■ TASK:
Here the job is to transcribe the data exactly while omitting the images.

■ DATASET SECTION:
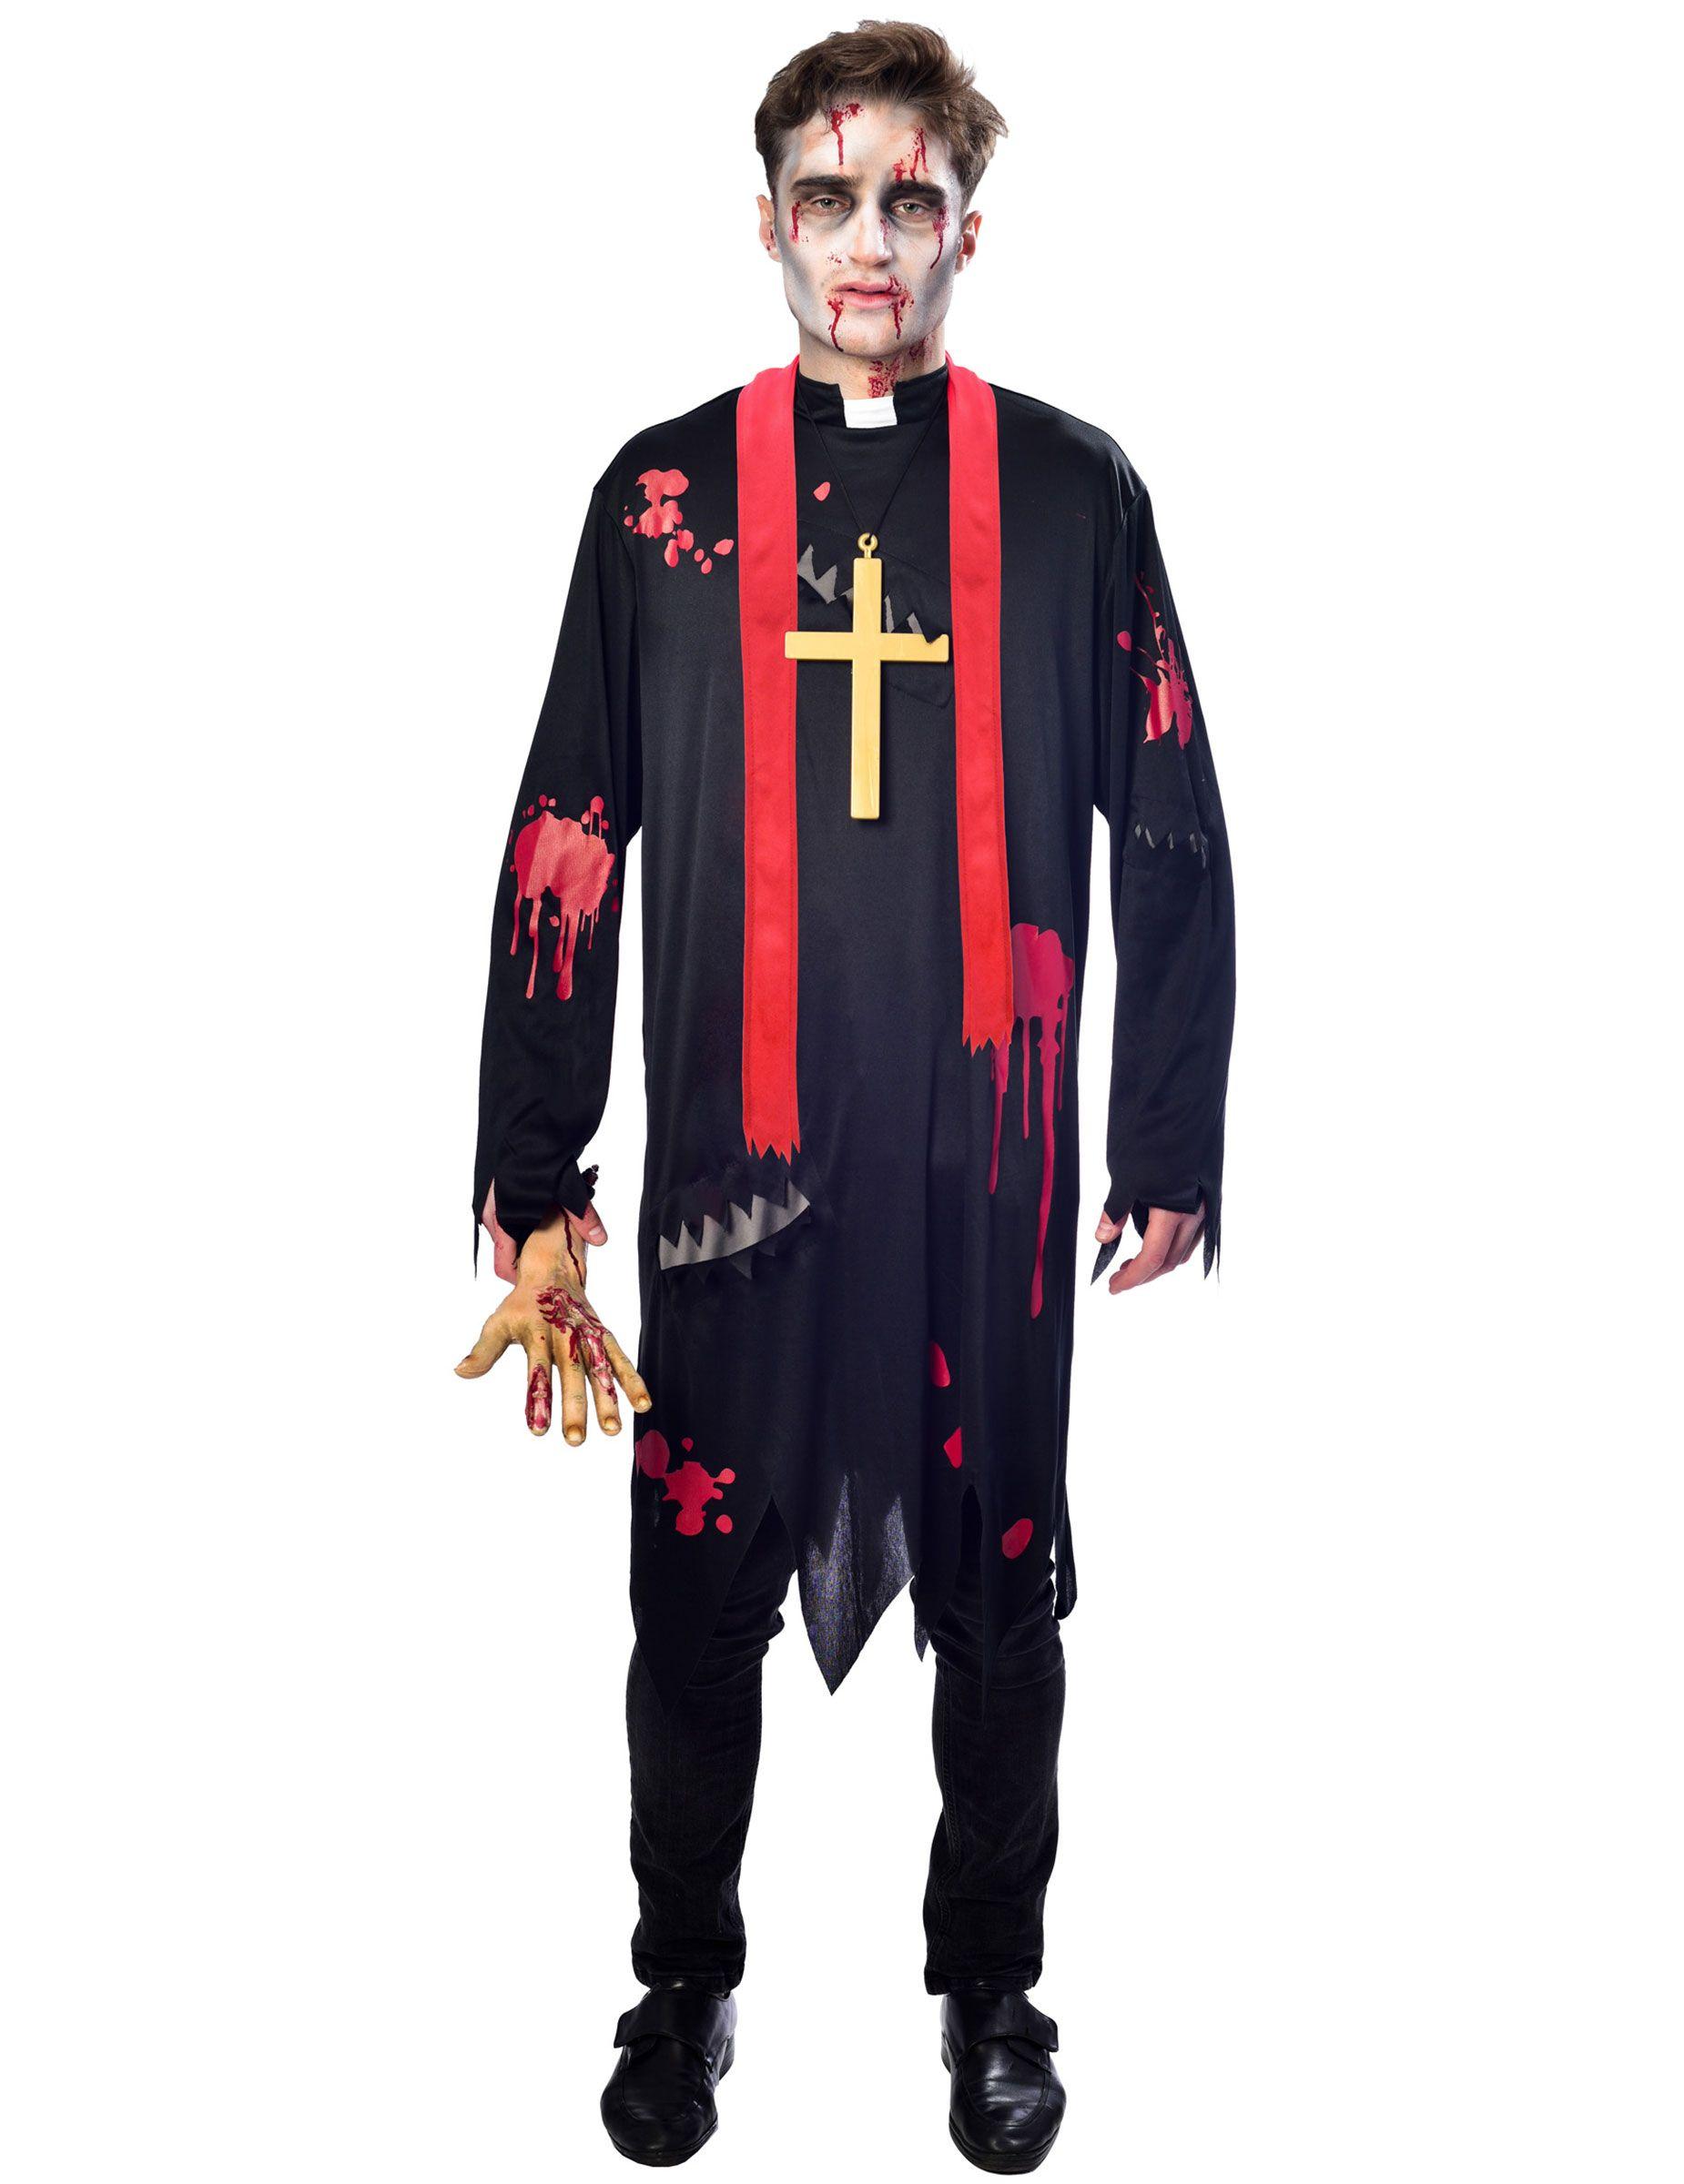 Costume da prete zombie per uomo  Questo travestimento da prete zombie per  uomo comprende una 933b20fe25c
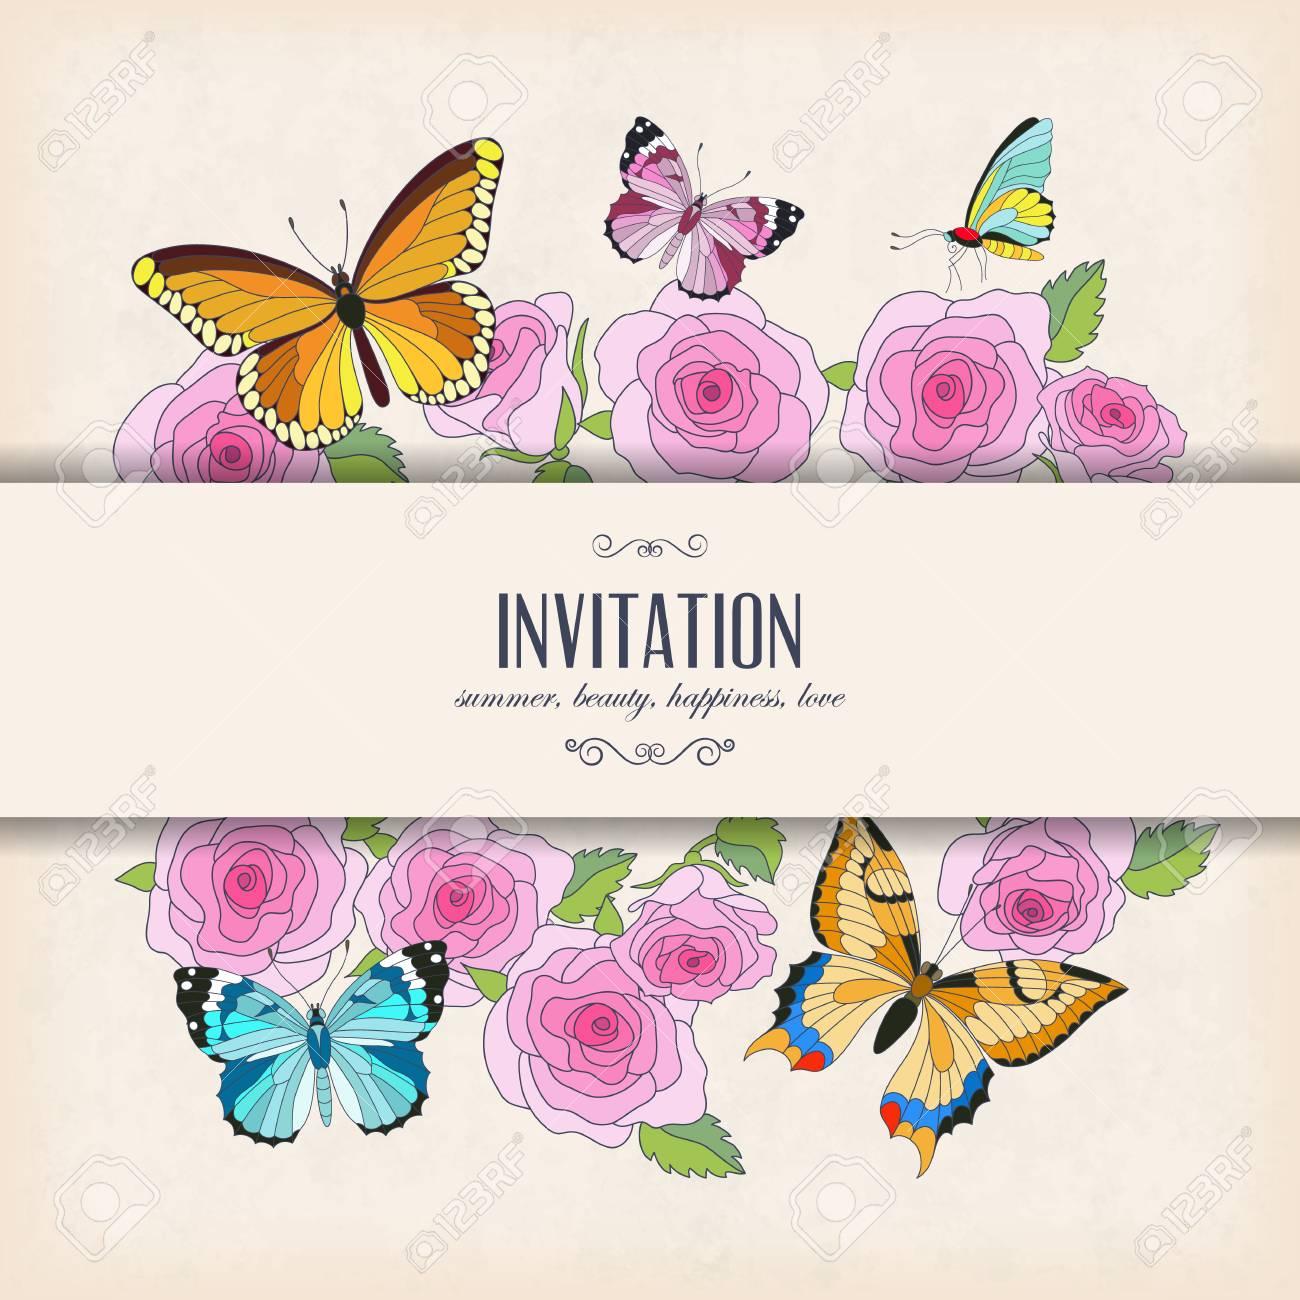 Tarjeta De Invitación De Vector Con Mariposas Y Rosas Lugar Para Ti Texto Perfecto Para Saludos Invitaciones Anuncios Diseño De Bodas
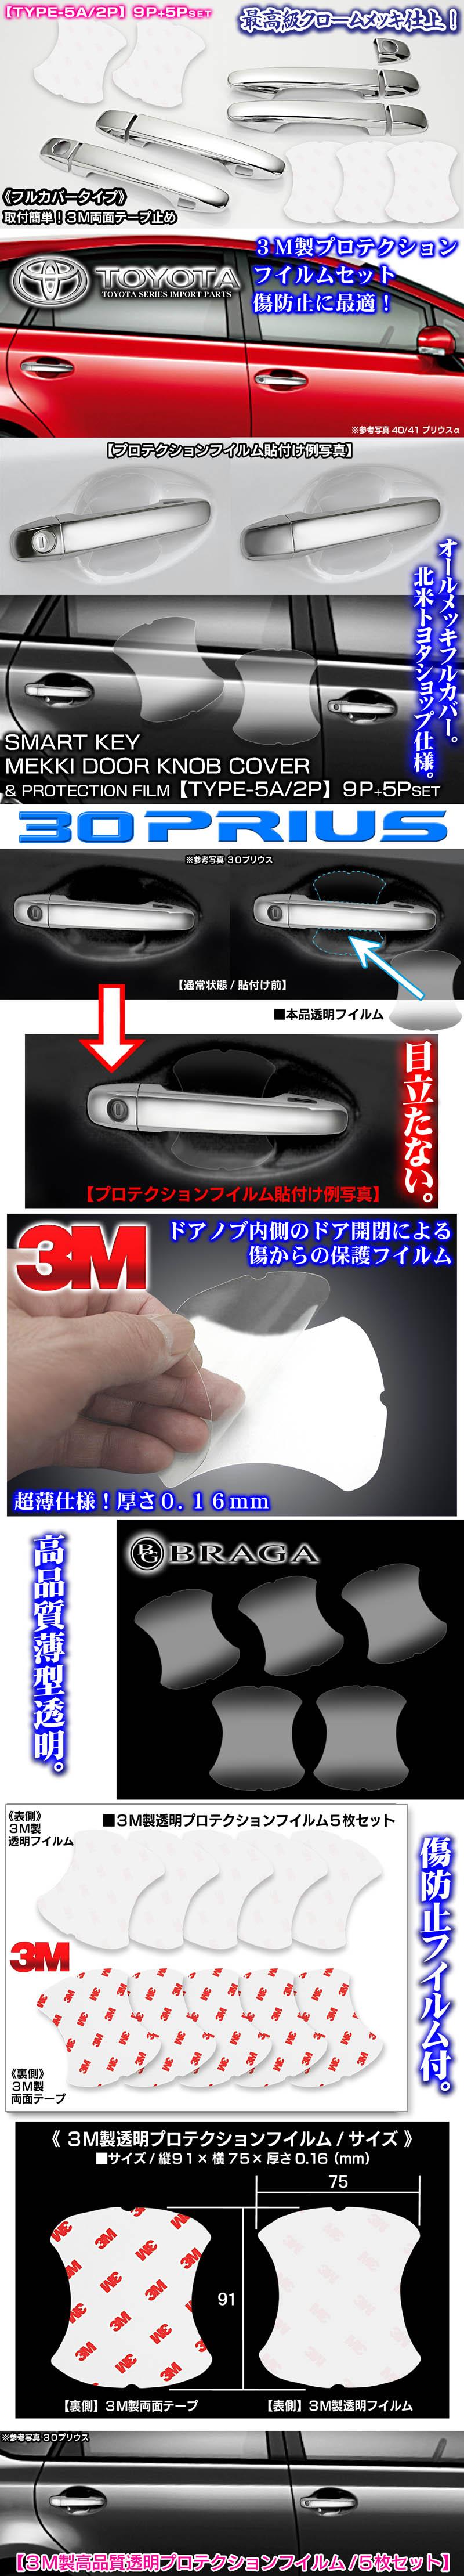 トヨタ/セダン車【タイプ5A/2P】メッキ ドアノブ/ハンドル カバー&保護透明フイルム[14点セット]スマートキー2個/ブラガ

■ TASK RESULT:
 Costume da prete zombie per uomo  Questo travestimento da prete zombie per  uomo comprende una 933b20fe25c
 Tarjeta De Invitación De Vector Con Mariposas Y Rosas Lugar Para Ti Texto Perfecto Para Saludos Invitaciones Anuncios Diseño De Bodas
 トヨタ/セダン車【タイプ5A/2P】メッキ ドアノブ/ハンドル カバー&保護透明フイルム[14点セット]スマートキー2個/ブラガ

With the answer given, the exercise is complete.